Low-power 8-bit Pipelined ADC with current mode Multiplying Digital-to-Analog Converter (MDAC)
In order to convert the analog information in the digital domain, pipelined analog-to-digital converter (ADC) offers an optimum balance of resolution, speed, power consumption, size and design effort.
In this thesis work we design and optimize a 8-bit pipelined ADC for low-power. The ADC has stage resolution of 1.5-bit and employ current mode multiplying analog-to-digital converter (MDAC). The main focus is to design and optimize the MDAC. Based on the analysis of "On current mode circuits" discussed in chapter 2, we design and optimize the MDAC circuit for the best possible effective number of bits (ENOB), speed and power consumption. Each of the first six stages consisting of Sample-and-Hold, 1.5-bit flash ADC and MDAC is realized at the circuit level.
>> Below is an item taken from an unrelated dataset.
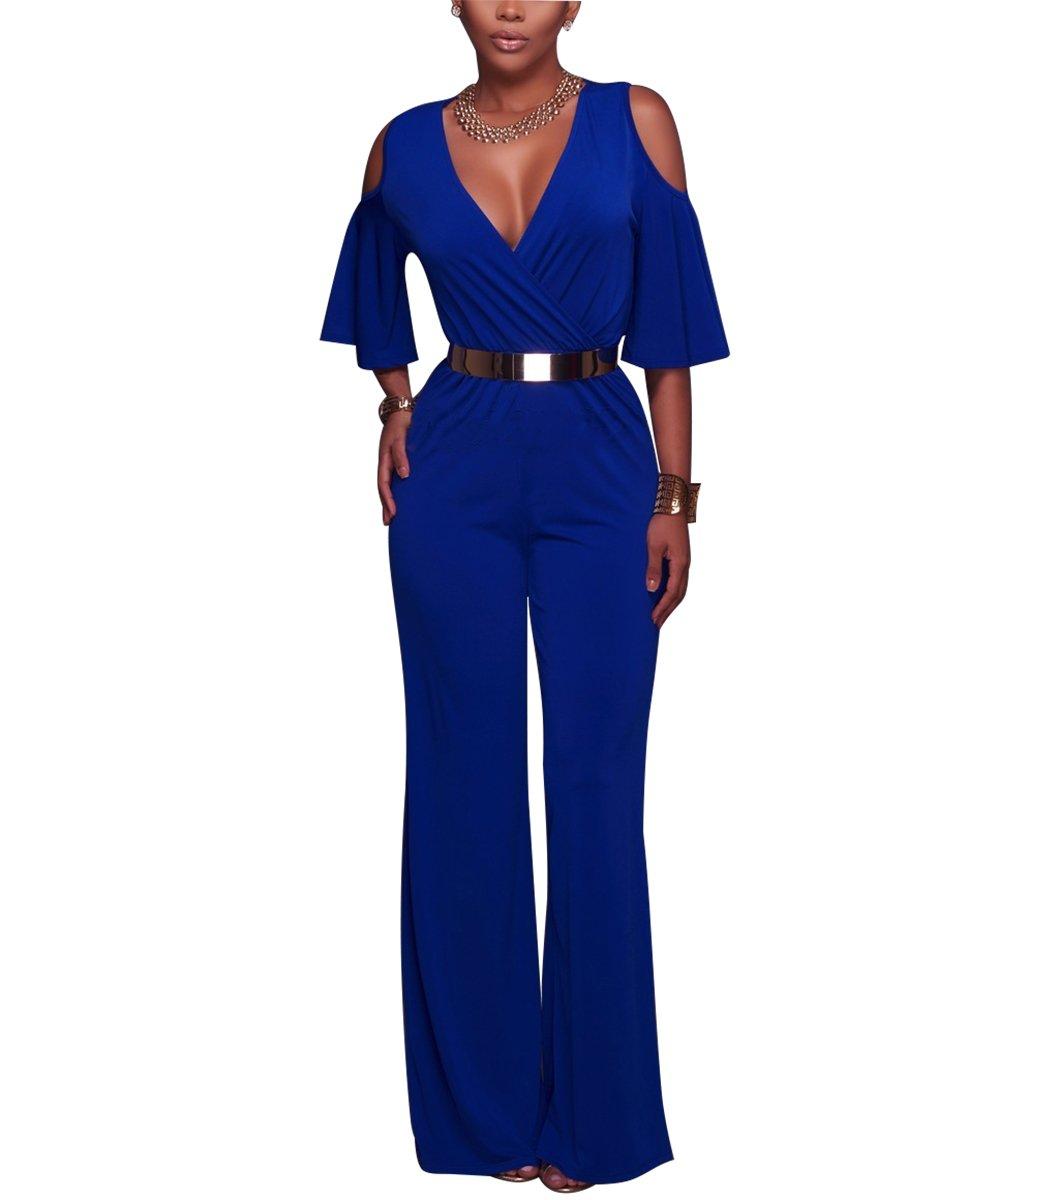 Vilover Women's Cold Shoulder Loose Wide Leg Jumpsuits Rompers With Belt (XL, Blue)

The last stage consisting of 2-bit flash ADC is also realized at circuit level. The delay logic for synchronization is implemented in Verilog-A and MATLAB. A first order digital error-correction algorithm is implemented in MATLAB.
The design is simulated in UMC 0.18um technology in Cadence environment. The choice of technology is made as the target application for the ADC, 'X-ray Detector System' is designed in the same technology. The simulation results obtained in-term of ENOB and power consumption are satisfactory for the target application.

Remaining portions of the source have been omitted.